Igła

Igła

Podejrzewam, że przemiany jakich w ciągu półwiecza doświadczyliśmy otworzyły drogę przedsiębiorczym. Pomiędzy nimi jest znacznie więcej niż przeciętnie tych, którzy ulegają pokusie aby się stać nieuczciwymi. Także demagogia rodzi przeświadczenie, że “nasz nam da” i w przedstawicielskich organach jawią się ludzie zdumiewajacy.
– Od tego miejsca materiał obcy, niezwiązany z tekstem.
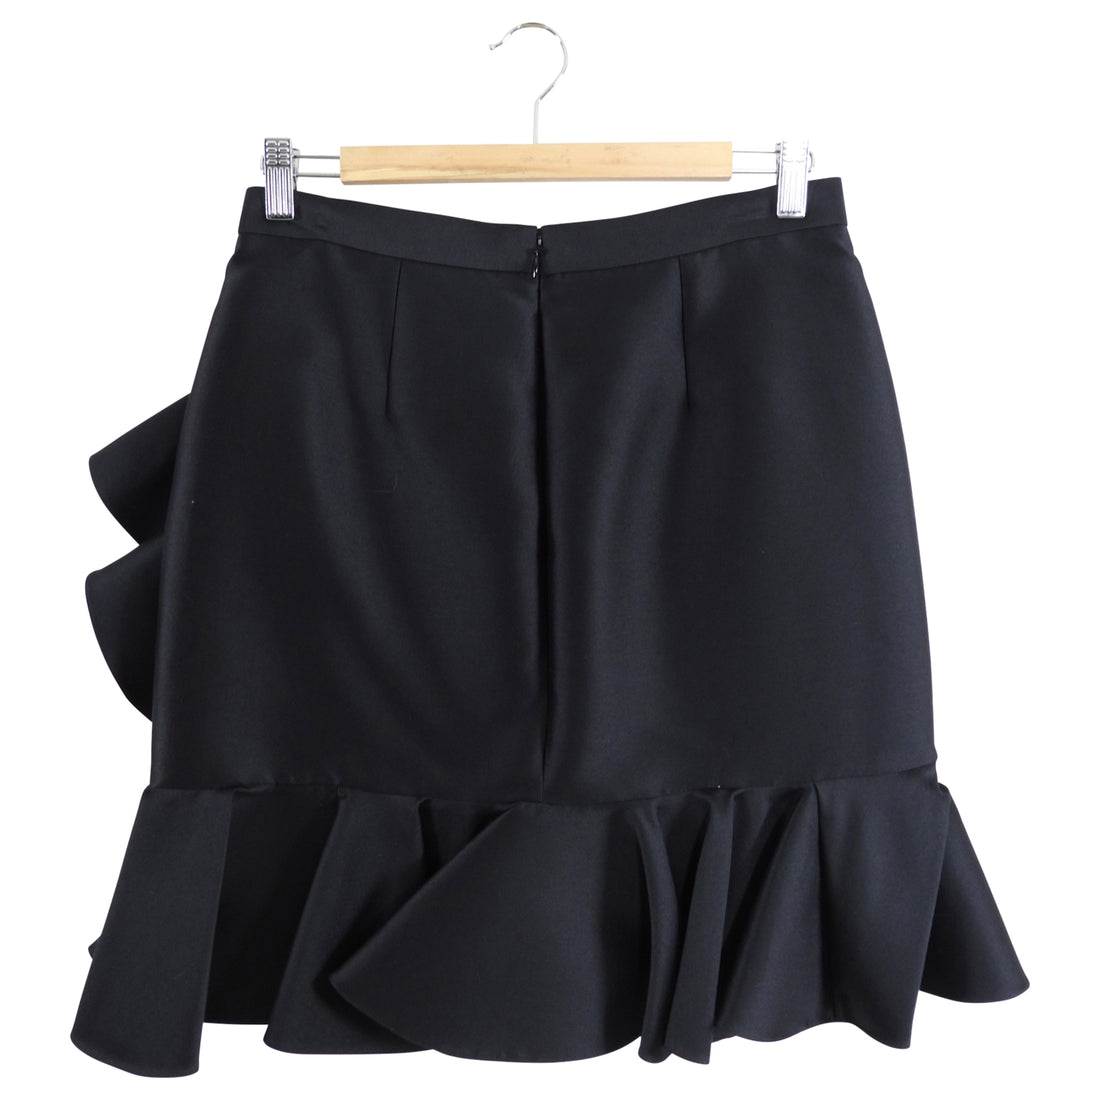 Stella McCartney Black Ruffle Skirt - IT42 / USA 8 / M

Najważniejszym jednak czynnikiem jest antyinteligencki kierunek myślenia, który jeszcze komuna otworzyła pamiętając baty, jakie dostała od zbrojnego podziemia lat czterdziestych. Aby się przed kolejnymi cięgami zabezpieczyć stworzyła mit zdradzieckiego lub słabego inteligenta, wsparty potem antysemityzmem endeków, którzy się pod Piaseckim z komuną przeciw narodowi sprzysięgli. Wmówiono prostym ludziom, że inteligenci ich zawsze oszukiwali i okradali, dlatego prostaczkowie wybierają do władzy “swoich”. Ten syndrom wykorzystali Kaczyńscy i nadal na nim próbują jechać. Prostych ludzi jednak tylko raz można okłamać. Tym się od inteligentów różnią. Nie mają wątpliwości i wierzą ale jak wyjdą na dudków, pamiętają długo.

Dlatego też chłosta, jakiej od szyderców za swoją naiwność doświadczają ma ożywcze dla prostych umysłów znaczenie.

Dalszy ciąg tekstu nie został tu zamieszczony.